"""

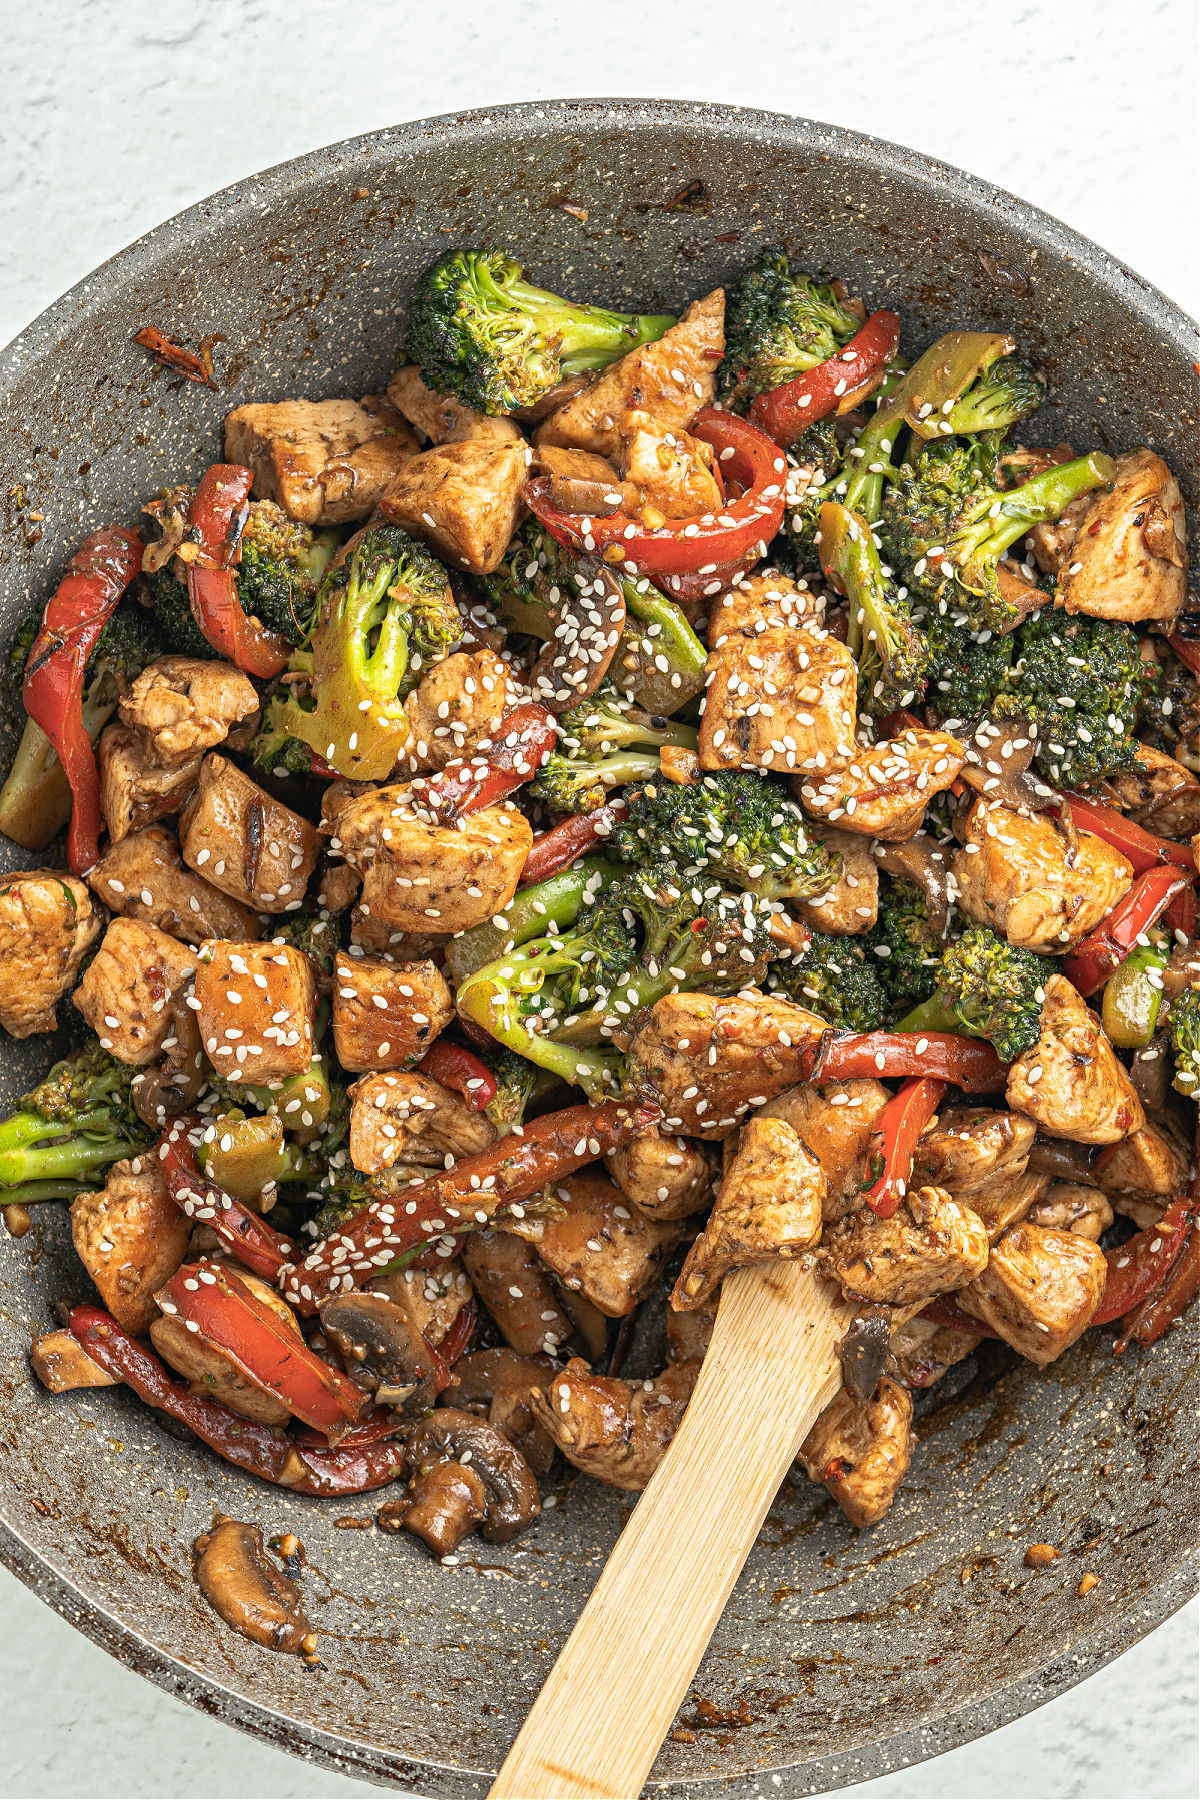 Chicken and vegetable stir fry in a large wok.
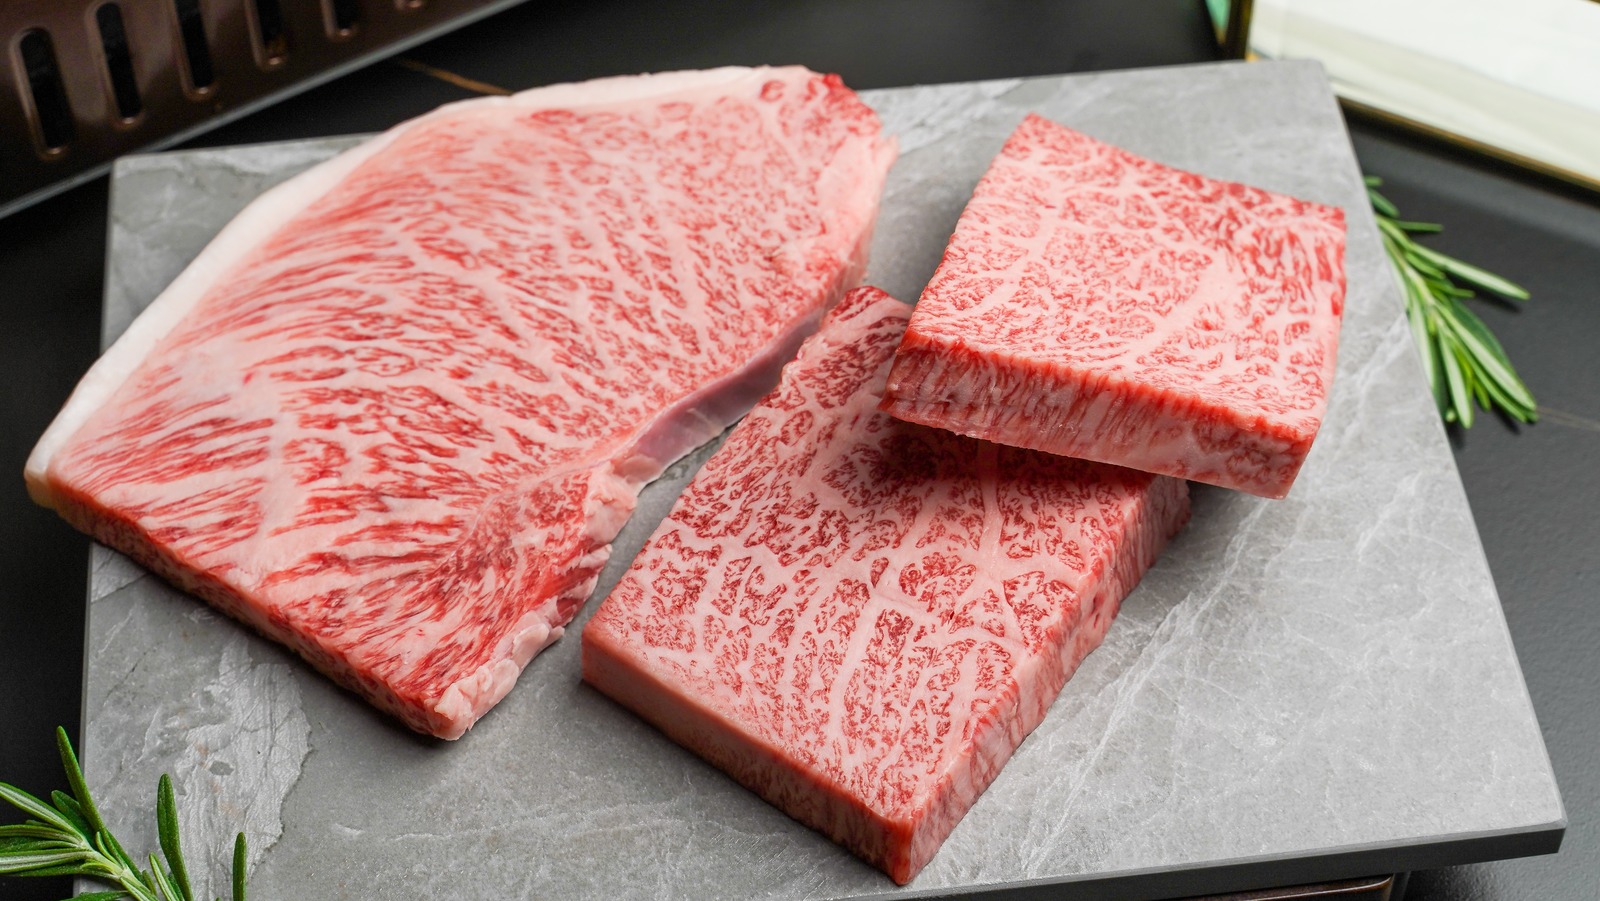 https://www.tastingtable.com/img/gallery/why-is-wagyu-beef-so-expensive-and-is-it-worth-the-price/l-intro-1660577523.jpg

"""
"""

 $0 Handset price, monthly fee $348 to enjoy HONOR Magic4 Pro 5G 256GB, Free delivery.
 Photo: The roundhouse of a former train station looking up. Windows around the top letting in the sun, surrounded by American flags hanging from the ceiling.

"""

Reproduce exactly the section above that begins at the line containing "256GB, Free delivery." and ends at the line containing "Photo: The roundhouse", leaving out all other lines.

> _Result of the exercise_
 $0 Handset price, monthly fee $348 to enjoy HONOR Magic4 Pro 5G 256GB, Free delivery.
 Photo: The roundhouse of a former train station looking up. Windows around the top letting in the sun, surrounded by American flags hanging from the ceiling.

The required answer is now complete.